Technology Challenges

At the NCCAT conference, I was very much reminded of the immense technology challenges we face at my extremely rural Title I school.  The tools presented at the conference were incredible and ever so engaging for students, preparing them as competitive 21st century global citizens.  The tools we learned about would greatly improve the excitement, rigor and student engagement.  The tools used 21st century technology that would prepare my students as global citizens in the constantly evolving world of STEM.

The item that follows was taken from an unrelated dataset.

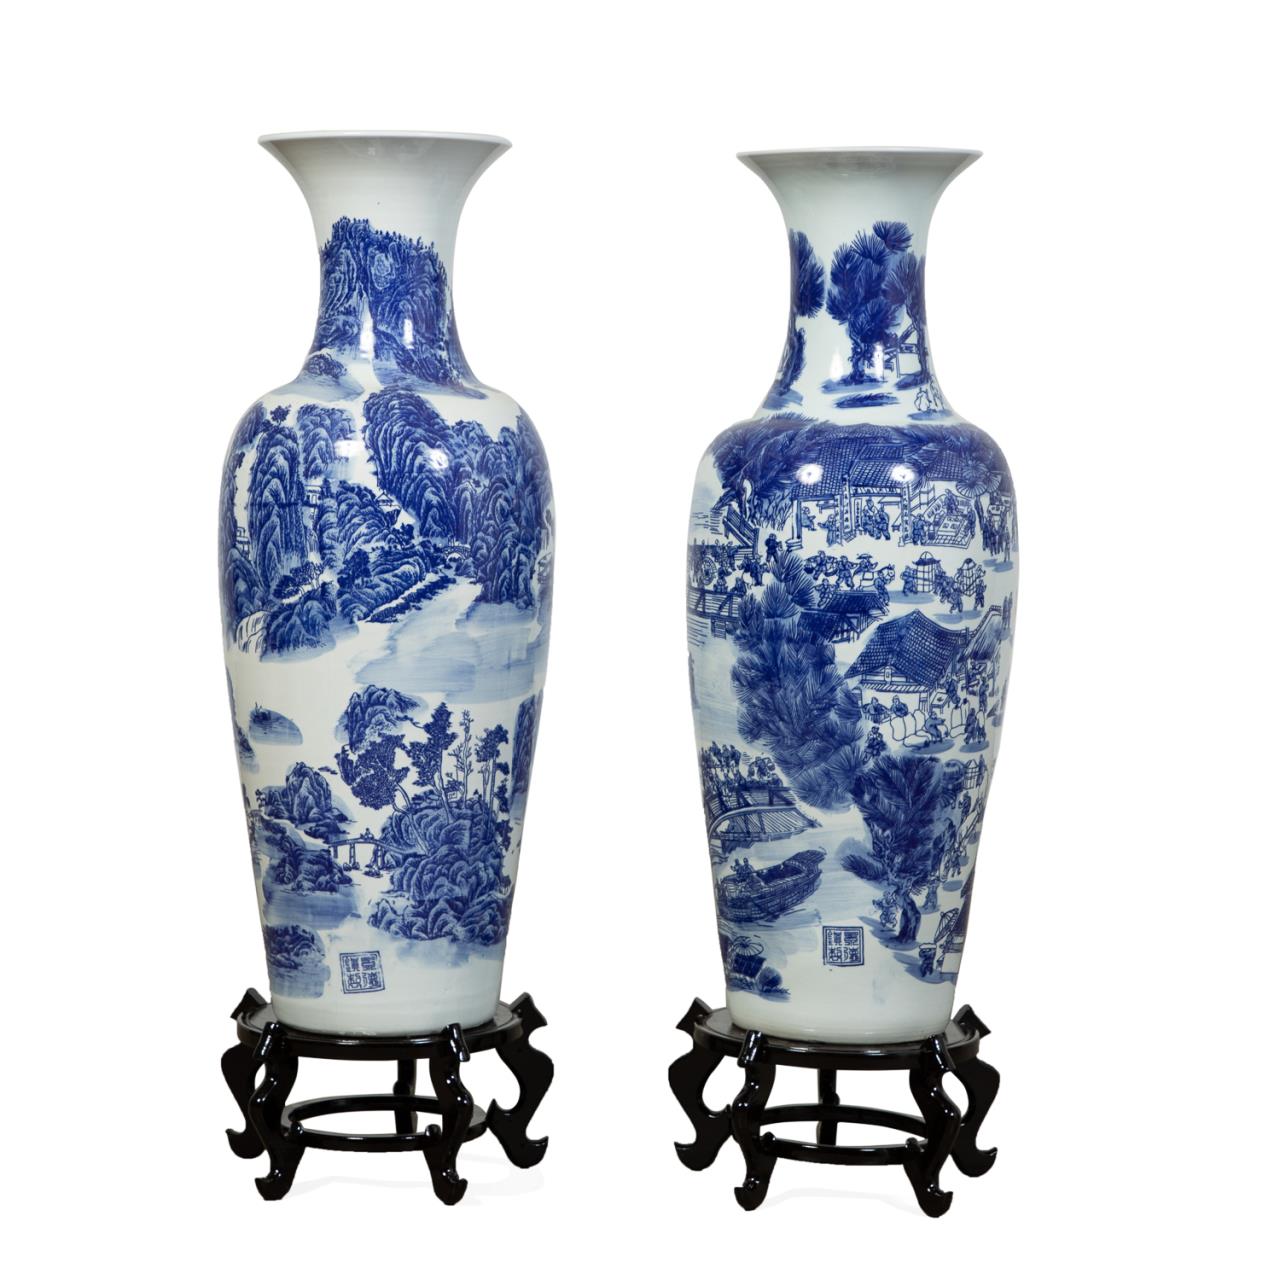 PAIR OF MING STYLE CHINESE BLUE 29f75b

Driving home from the conference, I felt excited about the potentials of these new-to-me tools, but also frustrated and deflated.  Most of the tools and activities required computer access or laboratories or city and industry access.  My school (the largest middle school in Duplin County) has only two computer labs which are shared by the entire 6th, 7th and 8th grades.  The computers are slow and re-start frequently, often times making for a frustrating instructional experience with much wasted time.  That being said, a lot of my best lessons are done in those labs – interactive virtual scientific labs and rigorous web quests.
I have been feeling pretty disturbed, unsettled, and discouraged by the inequities in our education system.  The world of STEM holds so many incredible future career opportunities for this next generation.  However, only certain populations of our youth have access to these opportunities or even access to knowing that the opportunities exist.  Only some have access to the knowledge and preparation, and to people who will expose them, guide them and teach them.  The playing field is so uneven.
As upset as I am mulling all of this over, I feel motivated to take action and fight for educational equity and for my talented, intelligent, and hard-working students.  The fires of why I teach what I teach and why I teach where I teach have been re-ignited. I want my kids to be exposed to the life possibilities and opportunities outside their communities and for them to bring back their knowledge and experiences to their communities.  Ultimately, I want for my students to be invested in and involved in of their own community growth and transformation so that their community can be a sustainable place full of opportunities.  My mind is currently buzzing with ideas of ways I can create pathways of opportunity in my classroom, school, and community.  I am looking into grants, and for STEM organizations I can perhaps connect with and bring to Duplin County.  And, I believe the Kenan Fellows program is an excellent first initiative to this growth I want to happen.  The Kenan Fellows program will help connect my school to the most exciting and flourishing agricultural industry in the county, and I will be connected to an incredible support system of STEM educators throughout North Carolina.